Problem to solve: Exactly as written, print every line of the listing below and omit its pictures.

Collected material:
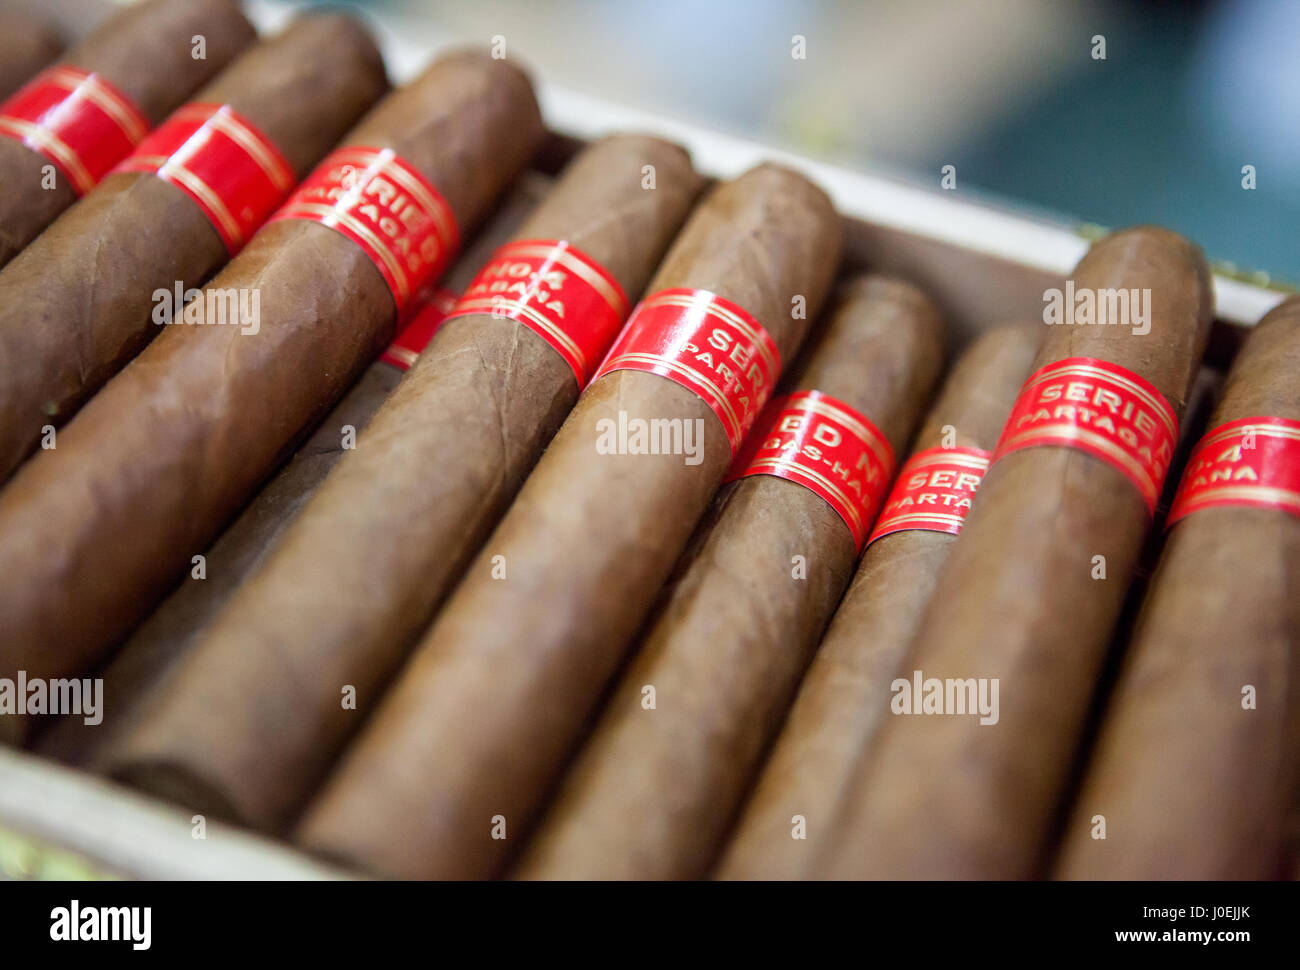 Kubanische Zigarren, Havanna, Kuba Stockfotografie - Alamy
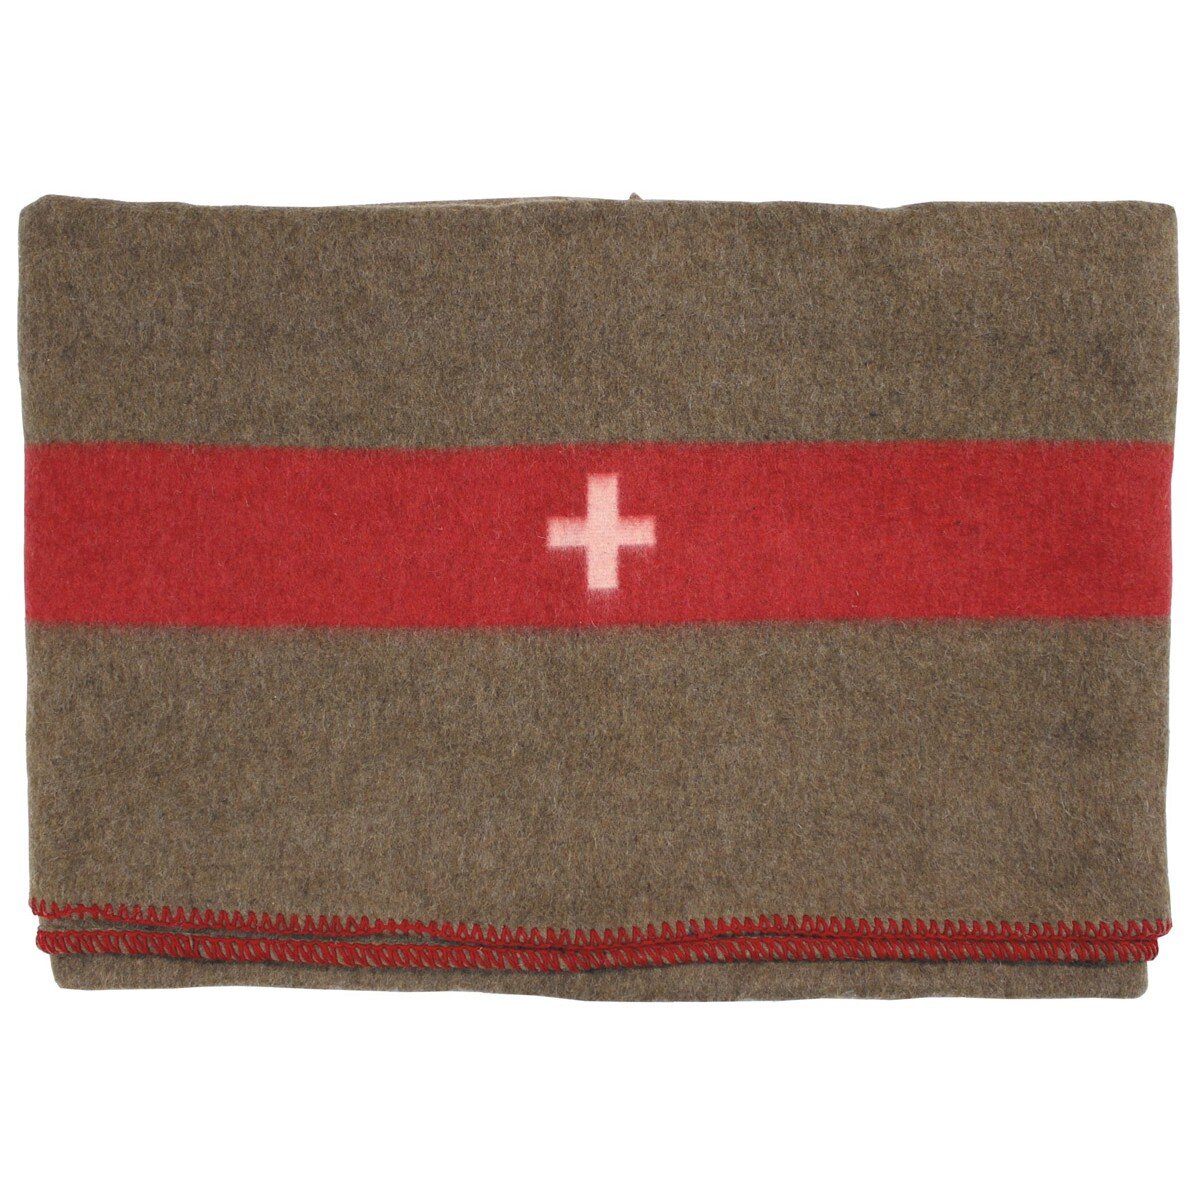 Suisse. Couverture en laine, marron, env. 200 x 150 cm
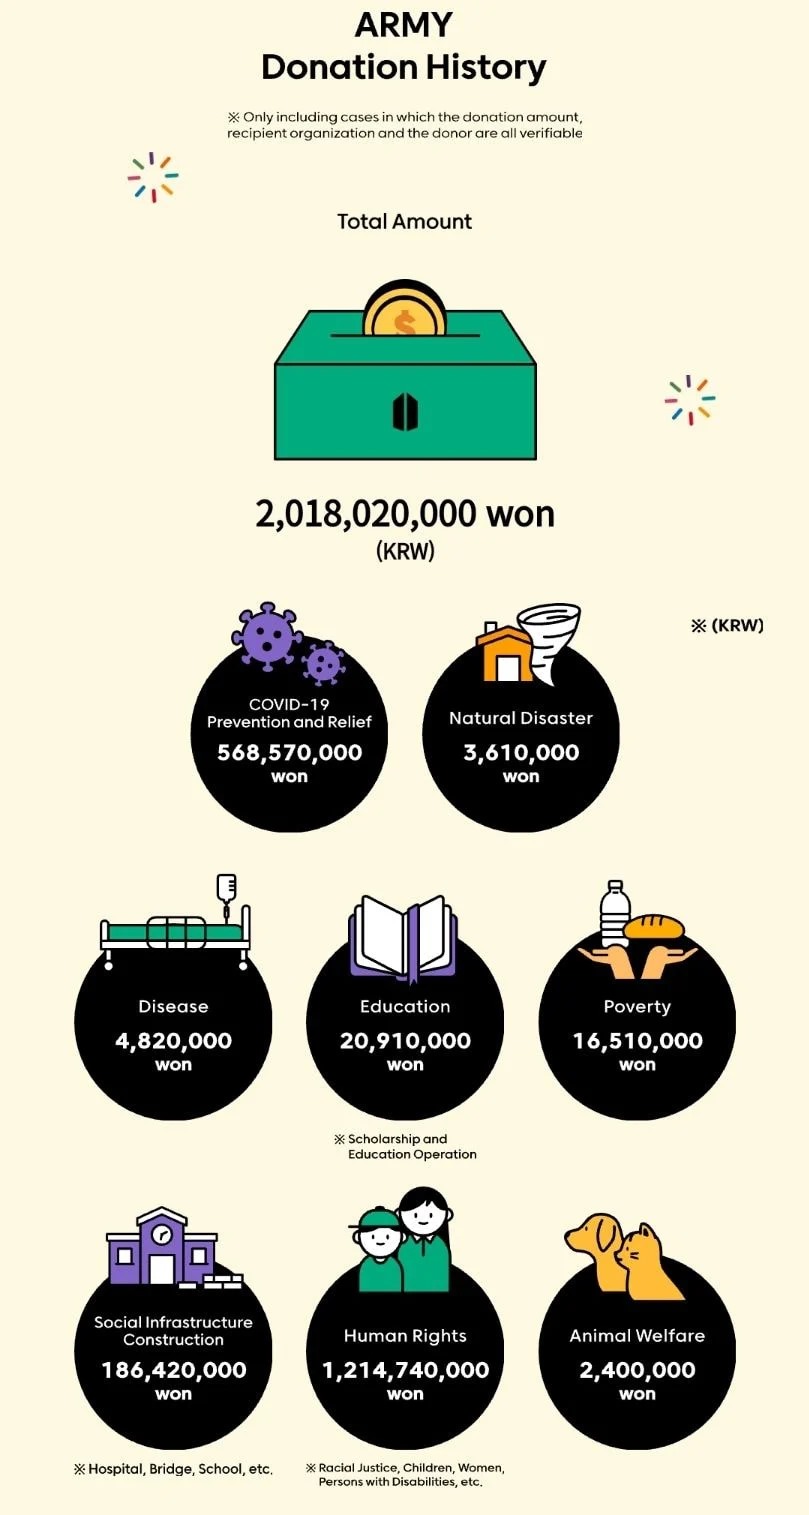 ARMY - fandom của BTS đã quyên góp đượckhoảng 39,8 tỷ đồng cho các hoạt động xã hội (Ảnh: Chụp màn hình).

Solution to the problem:
 Kubanische Zigarren, Havanna, Kuba Stockfotografie - Alamy
 Suisse. Couverture en laine, marron, env. 200 x 150 cm
 ARMY - fandom của BTS đã quyên góp đượckhoảng 39,8 tỷ đồng cho các hoạt động xã hội (Ảnh: Chụp màn hình).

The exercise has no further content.